Expected performance difference between ConstantCallSite and unchanging MutableCallSite

Rémi Forax forax at univ-mlv.fr
Tue May 17 01:32:35 PDT 2011


  Le 16/05/2011 15:29, Charles Oliver Nutter a écrit :
> On Mon, May 16, 2011 at 2:50 AM, Rémi Forax<forax at univ-mlv.fr>  wrote:
>> Theoretically, the is no speed difference between a  ConstantCallSite
>> and a MutableCallSite that at some point never mutate.
>> The difference is more that a MutableCallsite has to keep metada
>> to trigger a de-optimization and not the ConstantCallSite.
>>
>> Now, practically, I don't know if hotspot make a difference between them.
>>
>> Charles, in your case you have two options:
>> First, you are able to serialize the literal in the bytecode, the trick is
>> that you can see an array of byte as a String, Terence Parr explains that
>> 2 or 3 years ago at the JVM Summit.
> Yes, I have been using this trick on and off since I started working
> on JRuby in 2006...it works, but it still requires unpacking the bytes
> and constructing a new byte[] every time, which is quite a bit more
> overhead than being able to bind a byte[] or ByteList directly into a
> constant MH.

if you combine it with the bootstrap method mecanism,
you can do the unpacking once when needed.

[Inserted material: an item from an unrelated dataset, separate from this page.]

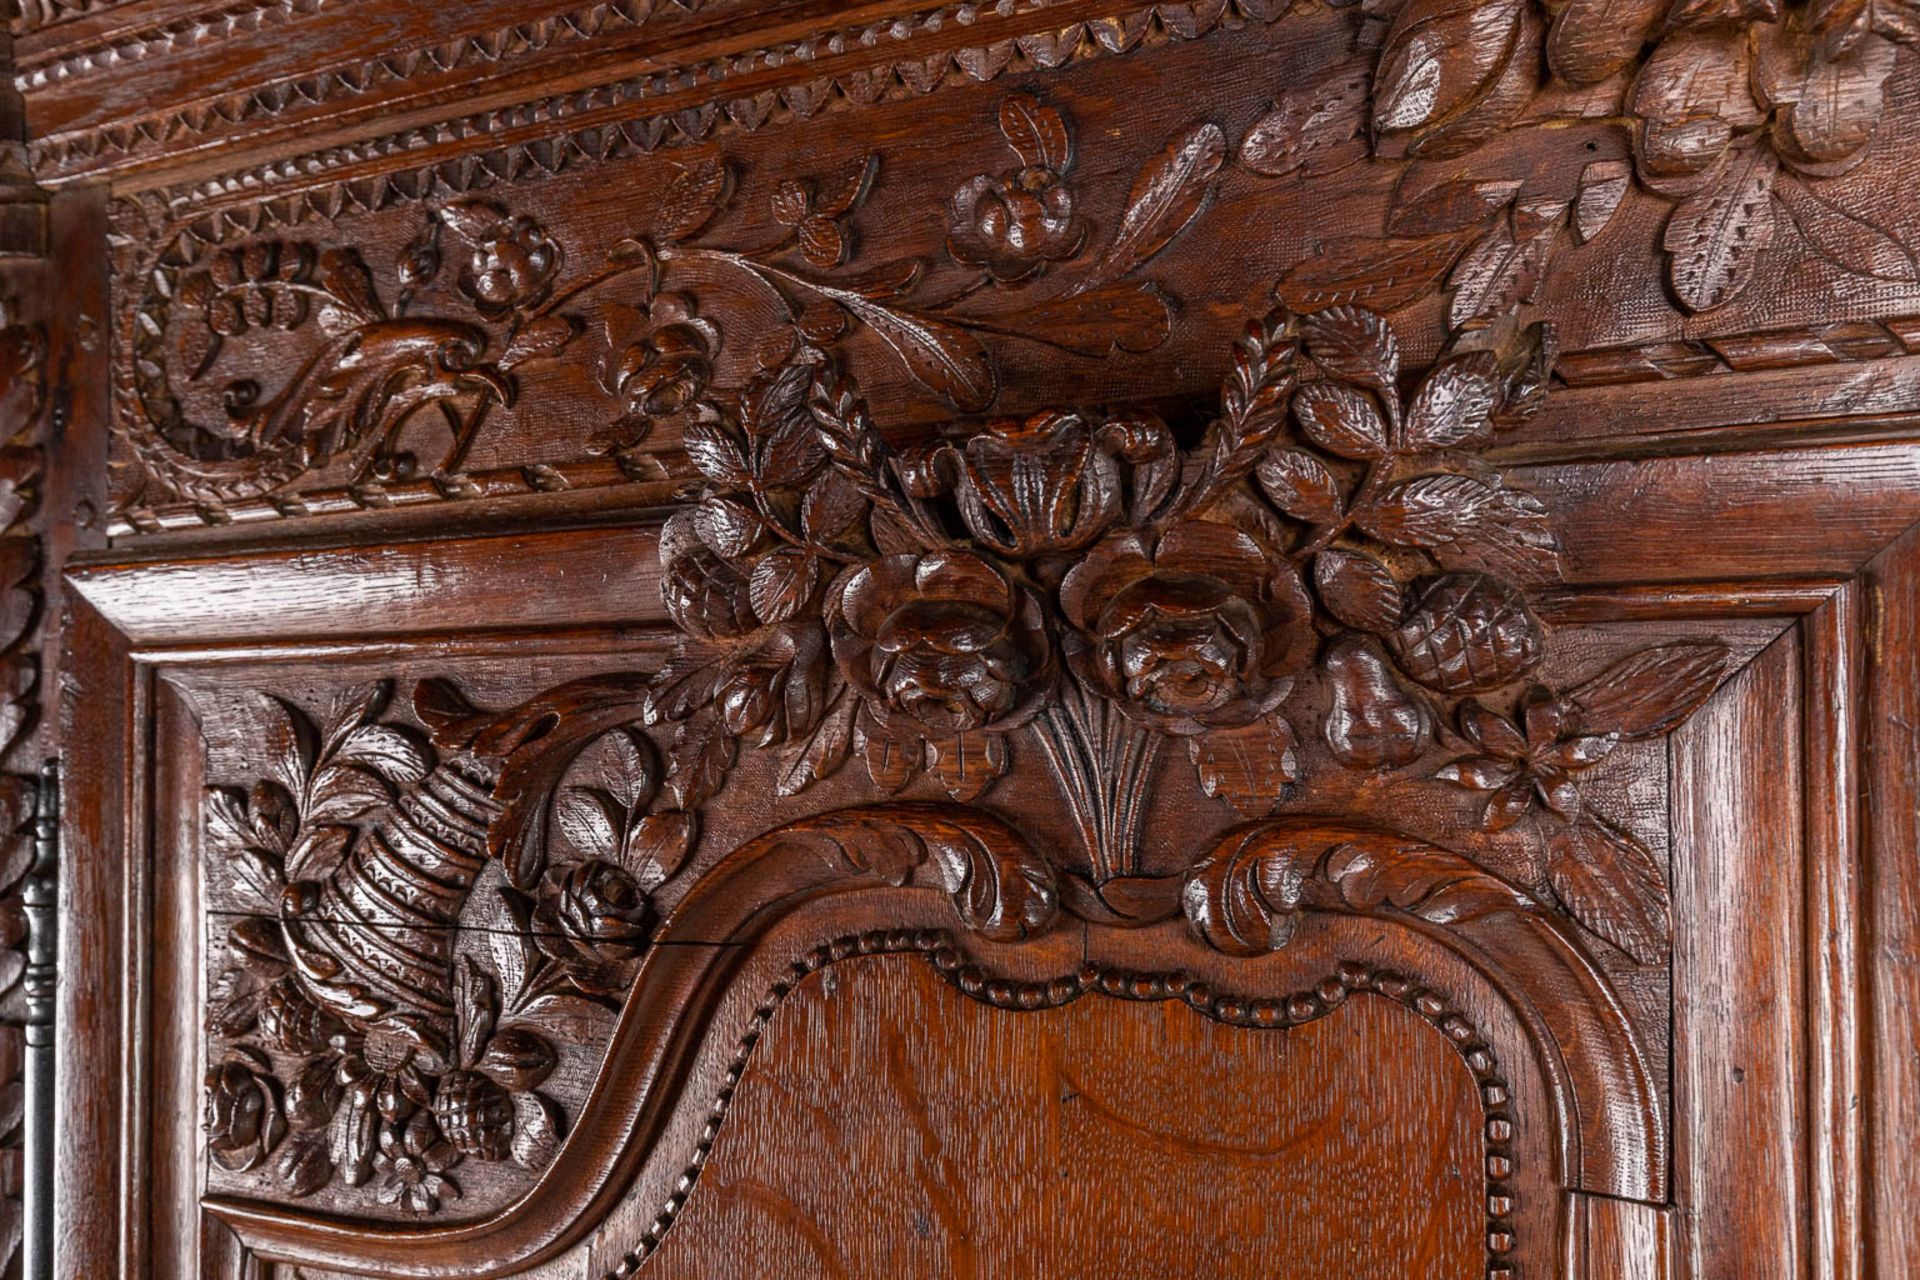 A richly sculptured and antique Normandy high cabinet, Armoire. France, 18th C. (D:68 x W:175 x H:23 - Image 14 of 21

>> Second, if you know the org.jruby.Ruby instance when generating
>> the code, you can cache it and look it up in the BSM.
> Well, that's a bridge I'm going to have to cross soon. Because the the
> call sites are associated with code at the bytecode level, and the
> call sites are not localized to a given JRuby runtime, we will need to
> isolate jitted code across JRuby instances. At the moment, we do allow
> sharing that code...disallowing that sharing should not be
> particularly difficult.
>
> More difficult, however, will be allowing precompiled code to have
> unique call site information for each JRuby runtime. Normally it's all
> loaded in the same classloader, so isolating them will be trickier and
> require manual intervention. Currently all generated bytecode isolates
> call sites by instantiating a cache and associating it with an
> instance of the script. Each runtime then has its own instance of the
> script, and call sites are isolated. invokedynamic call sites
> essentially move call site information to a static level.
>
> This will affect other languages, I'm sure...so other language
> implementers probably should keep it in mind; invokedynamic call sites
> are bound on a classloader-global basis.

I've this problem with the web part of PHP.reboot:
should I have one runtime by HTTP request or one global ?
I've started with one runtime by request and switch to one global
because it was easier to implement. Clearly the relation between
a runtime and the callsites is far from obvious.